Got this tumbler in 1972 at an auction sale of a company that did cromeing of nuts and bolts and other small stuff.
I really have no idea of how old it is and the label only has Murry left on it.
The rubber that covered the steel drive shafts cracked and broke off on the last tumbling I did a couple weeks ago. After doing a search on the net and not having any luck finding a parts sourse I dismantled the shafts. Measureing the dia I found they were 5/8" dia. and 14 inches between pillow blocks. 3/4" heater hose has a inside dia. of 5/8".
I bought 2' of the hose since I felt I would just do 6" at the ends of each shaft. For the bump stops at the pillow blocks I used a 1 1/8" hole saw and cut some biskets from a truck tire side wall and drilled the center hold out to 5/8". I soaped the shafts lightly so the bump stops slid on to the far end of the shaft then the hose. Applied some moisture and gorilla glued the bump stop to the hose and a drop to keep the hose in place. I repated the steps on the near end of the shaft.
Yesteday I placed 500 308 shell cases and 250 7mm08 cases in it with about 15 pounds of rice for the first run after the repair. It worked very nicely so far.
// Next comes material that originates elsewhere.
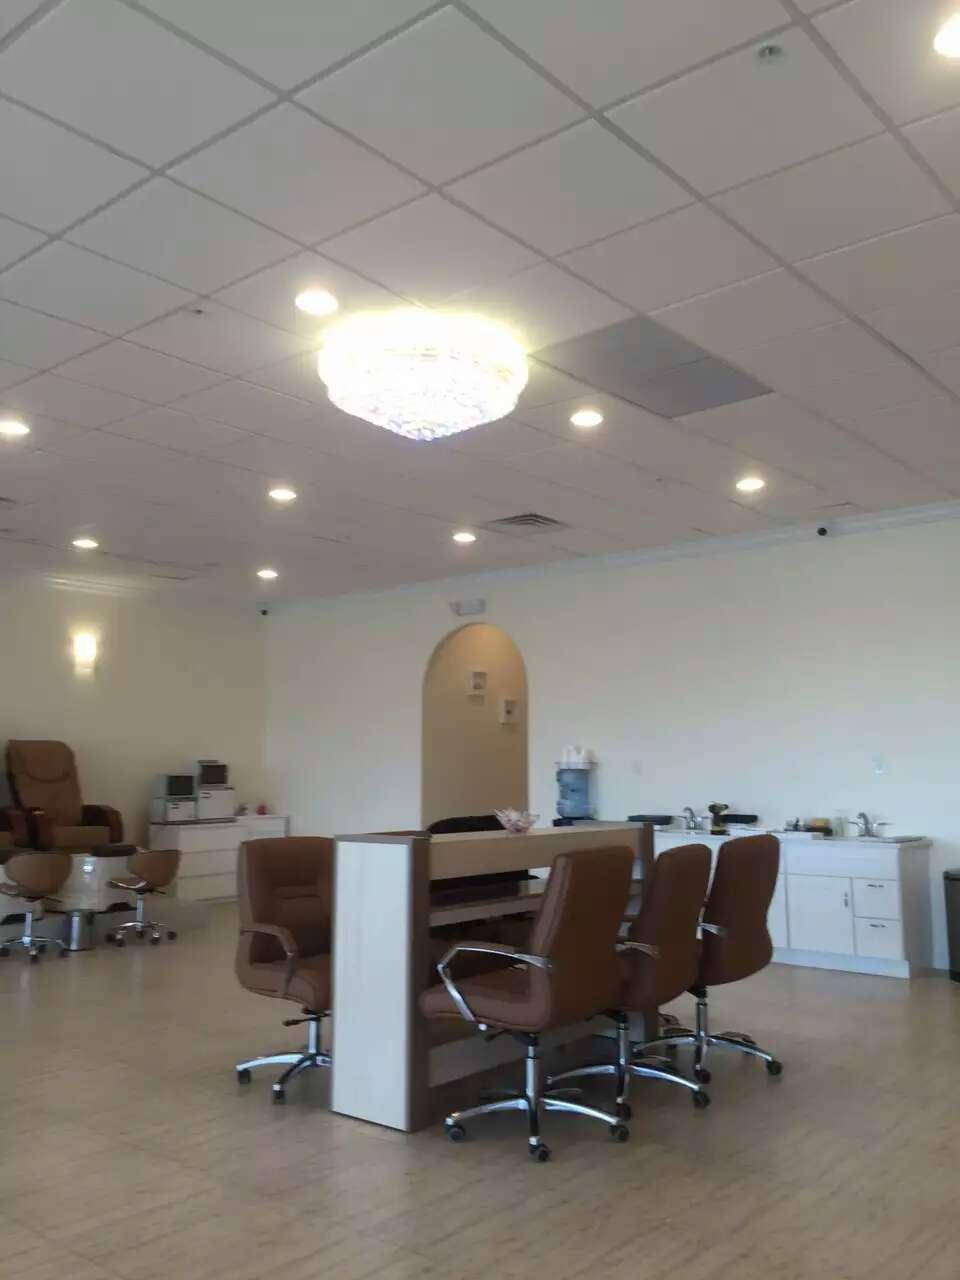 Royal Beauty Nails and Spa - hair care    Photo 4 of 9   Address: 1911, 461 US-46, Fairfield, NJ 07004, USA   Phone: (973) 227-1113

Please excuse the messy loading bench I used it as a repair bench for this project. It is also my work station when wireing and installing foundation into frames.



















 Al


----------



## Elk Brass (Jan 9, 2009)

I see that you said that you used rice to tumble your brass. Will that work with real dirty brass to, or just fairly clean brass?


----------



## alleyyooper (Jul 6, 2007)

The brass in the picture was washed in dish soap and hot water then rinced and dryed.
I have had some real tarnished stuff, I washed it in vinegar first then tumbled it. It shined like new after a couple of hours.

See the thread tumbling with rice.

 Al


----------